Algumas usam apenas o hijab (véu que cobre os cabelos por cima) ou shayla (véu mais comprido, que cobre todo o cabelo, ombros e parte do torso, mas que ainda deixa o rosto todo a mostra). E também circulam muitas mulheres sem véu ou com roupas comuns, como calça e camisa.

Álcool proibido

Vale lembrar que a Arábia Saudita será a sede da Copa do Mundo de Futebol de 2034. Até lá – e talvez muito antes disso, o país já pode ter liberado o consumo de álcool pelo menos para turistas e não muçulmanos. Por enquanto, a posse e o consumo de álcool no país são proibidos, seguindo as regras do islamismo. Informação que o comandante do avião transmite no momento em que se entra no espaço aéreo saudita e repetida assim que pousa a aeronave.

Nos mercados é possível encontrar cervejas e vinho sem álcool, assim como nos restaurantes, que também servem “mocktails” (coquetéis sem álcool, geralmente com frutas e xaropes).

Mas um “vício” pareceu comum aos sauditas. O celular. Motoristas de Uber não se intimidam por estarem dirigindo e transportando passageiros e seguem falando, digitando ou até mesmo assistindo a vídeos. Segundo professor e pesquisador sobre cultura do Oriente Médio Robert Manning, a Arábia Saudita tem o maior consumo per capta do YouTube.

O cigarro também está bem presente. Ainda há fumódromos nos lugares, frequentados por homens. Ponto em comum dos carros de aplicativo era o cheiro de cigarro em todos eles.

Marca brasileira nas prateleiras

A gigante brasileira JBS é uma das grandes parceiras comerciais do país. A maior produtora de carnes do mundo inaugurou no final de 2024 uma planta no país que consumiu investimentos de US$ 50 milhões e quadruplicou a capacidade industrial da empresa por lá.

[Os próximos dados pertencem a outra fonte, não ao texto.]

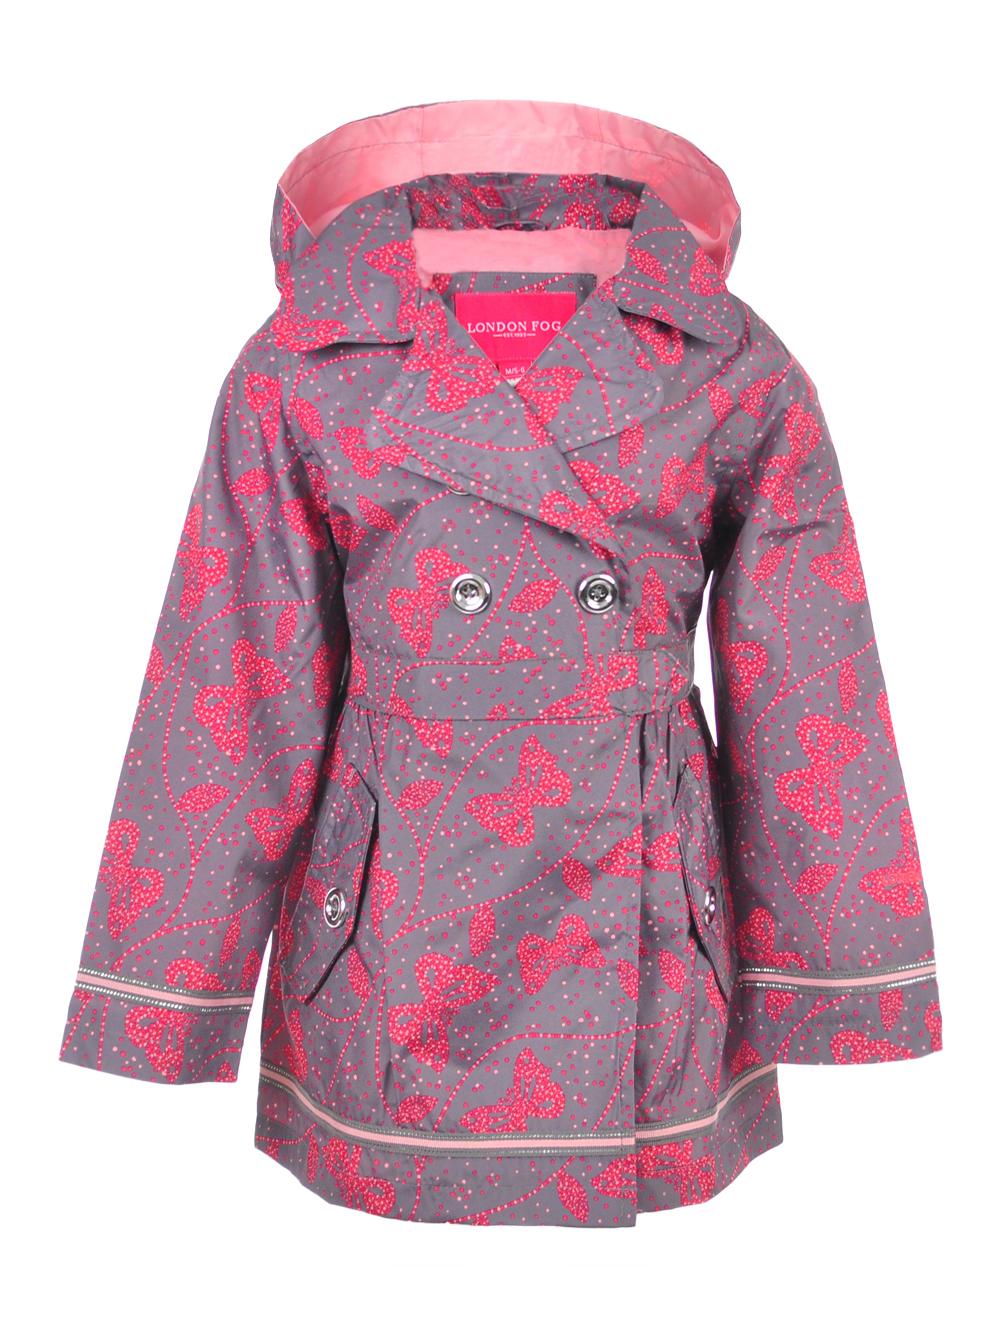 94a87f758 London Fog Girls  Hooded Raincoat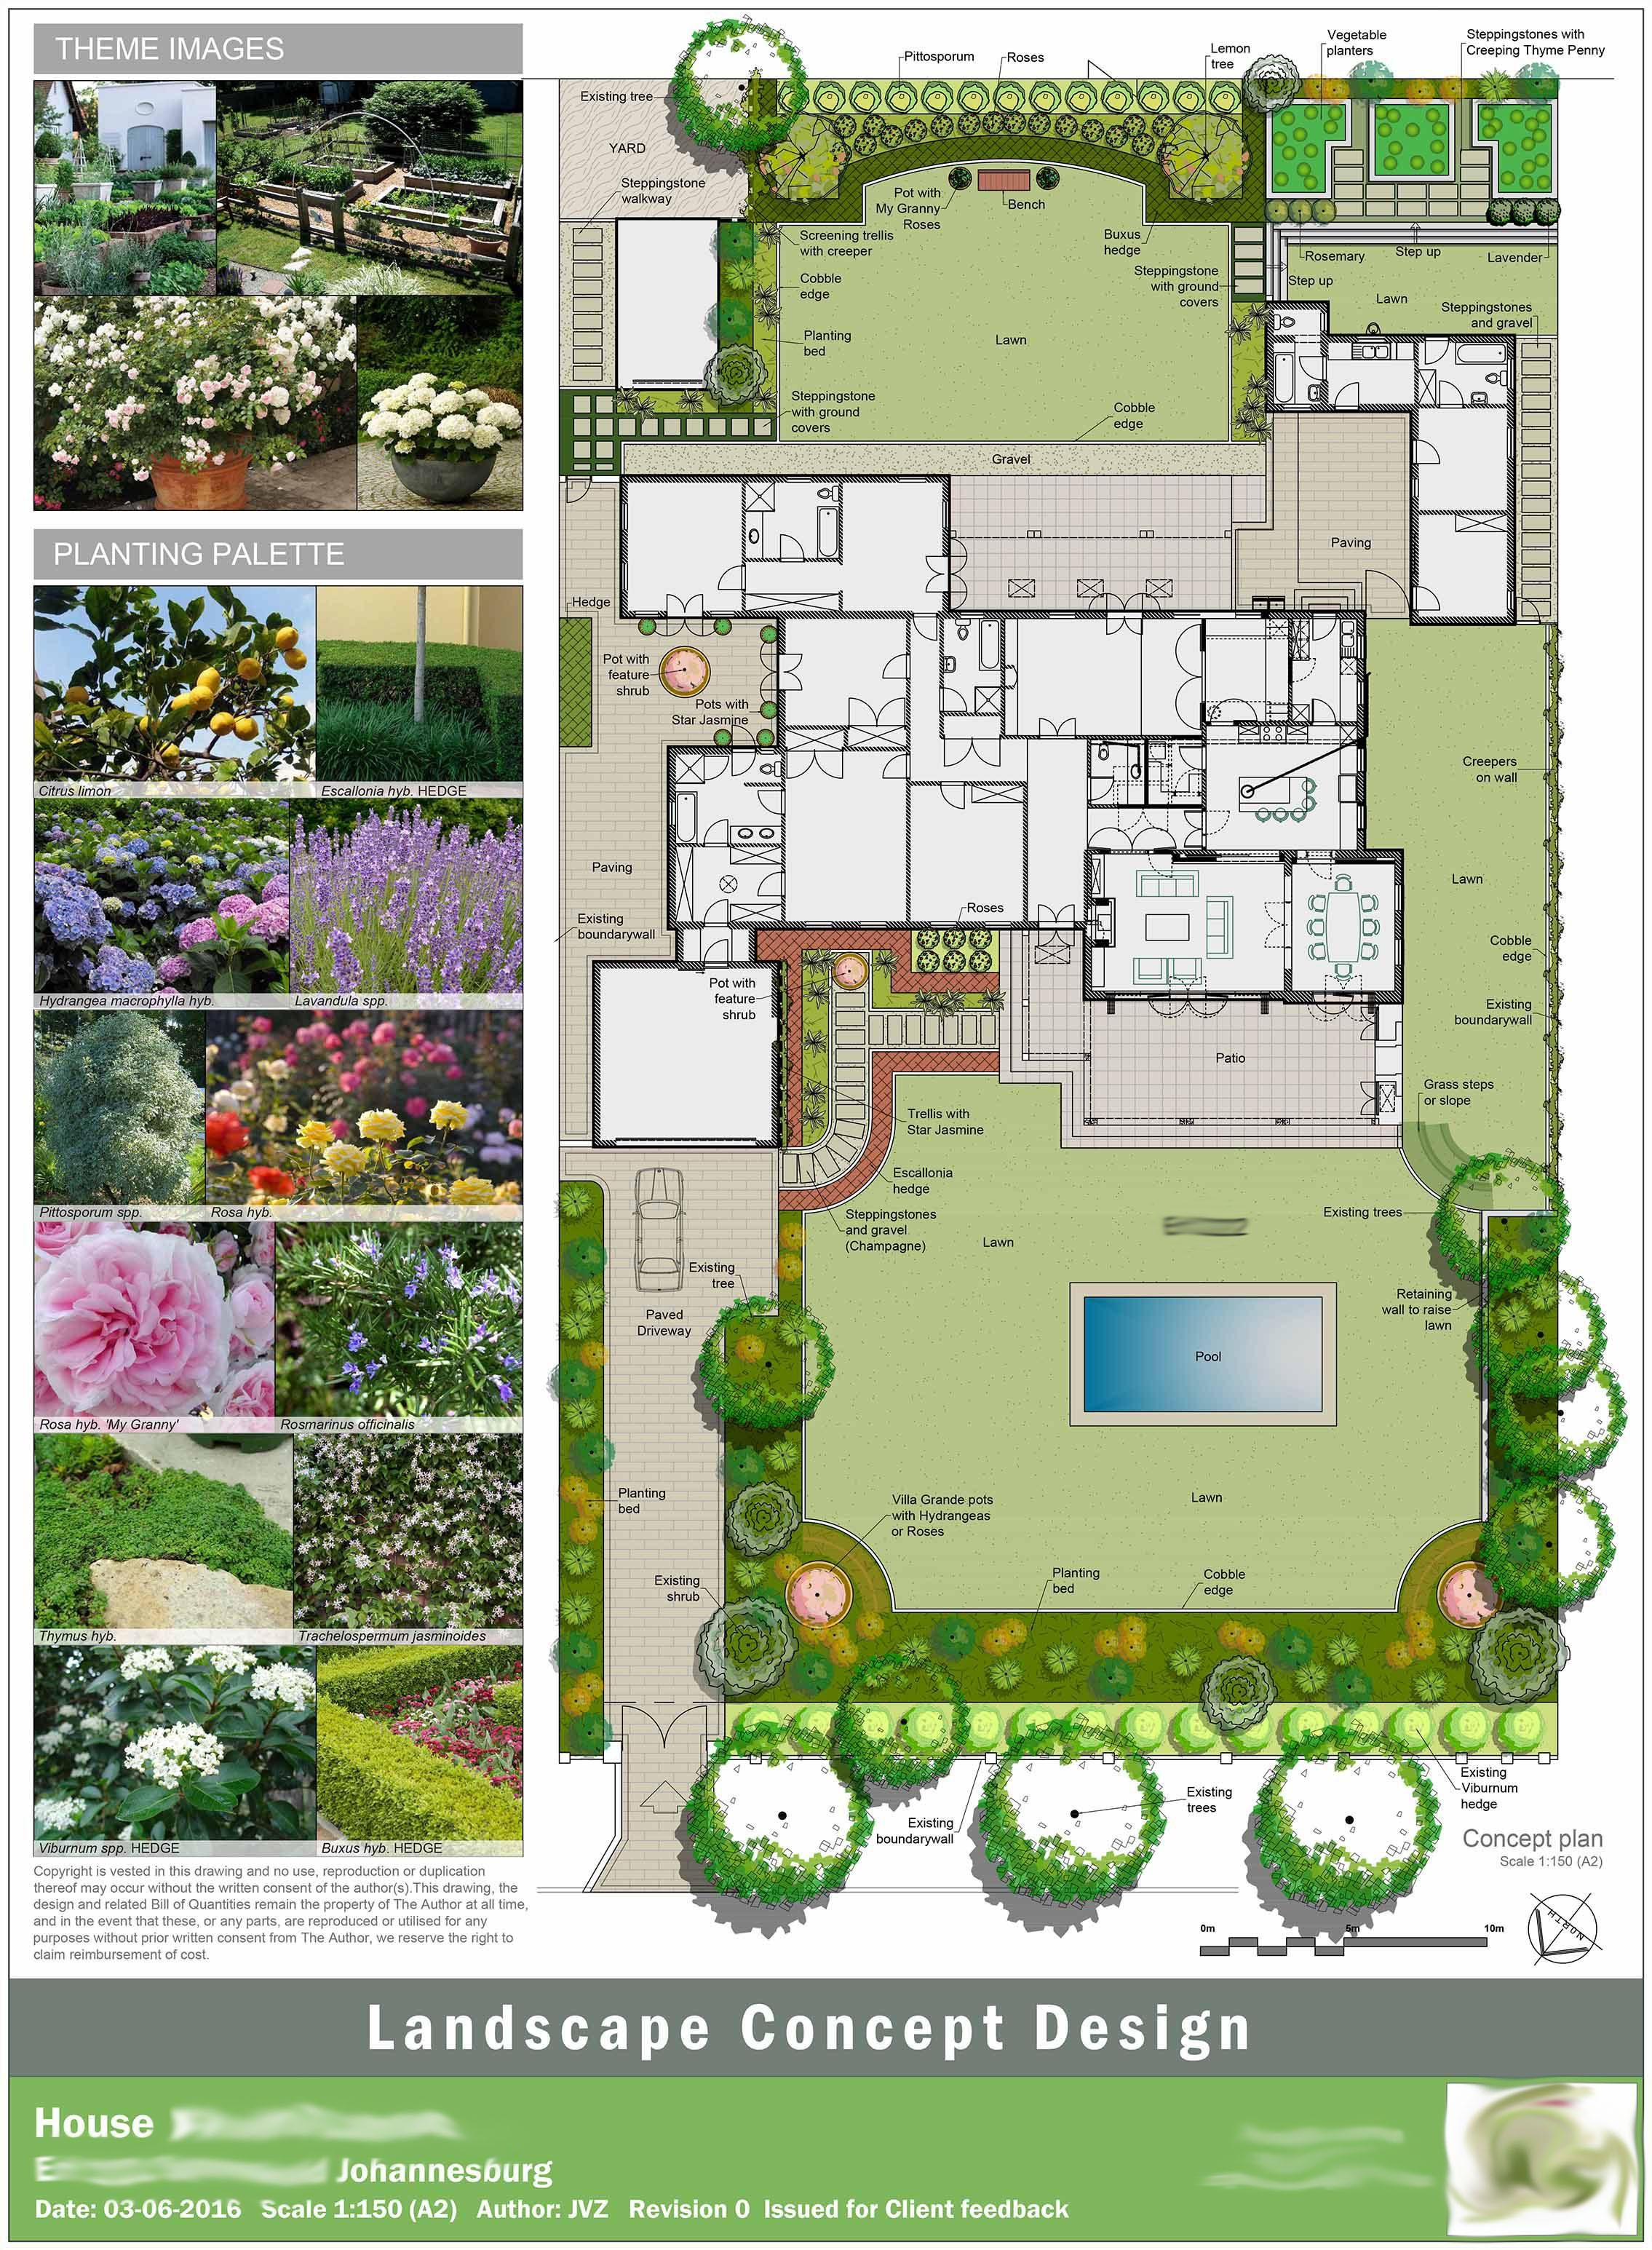 060d50e7-07d9-47f6-84b1-ef1513cfd9d0-original.jpeg (2270×3091) | Garden Design Layout Landscaping, Landscape Design Plans, Garden Design Plans

Segundo divulgado pela empresa na época da inauguração, a unidade produz empanados de frango e gerou 500 empregos na região. Antes da inauguração da nova fábrica, a JBS já operava uma unidade de processamento na cidade de Dammam, com cerca de 250 colaboradores e com capacidade anual de 10 mil toneladas. Além disso, a companhia mantém oito centros de distribuição no país.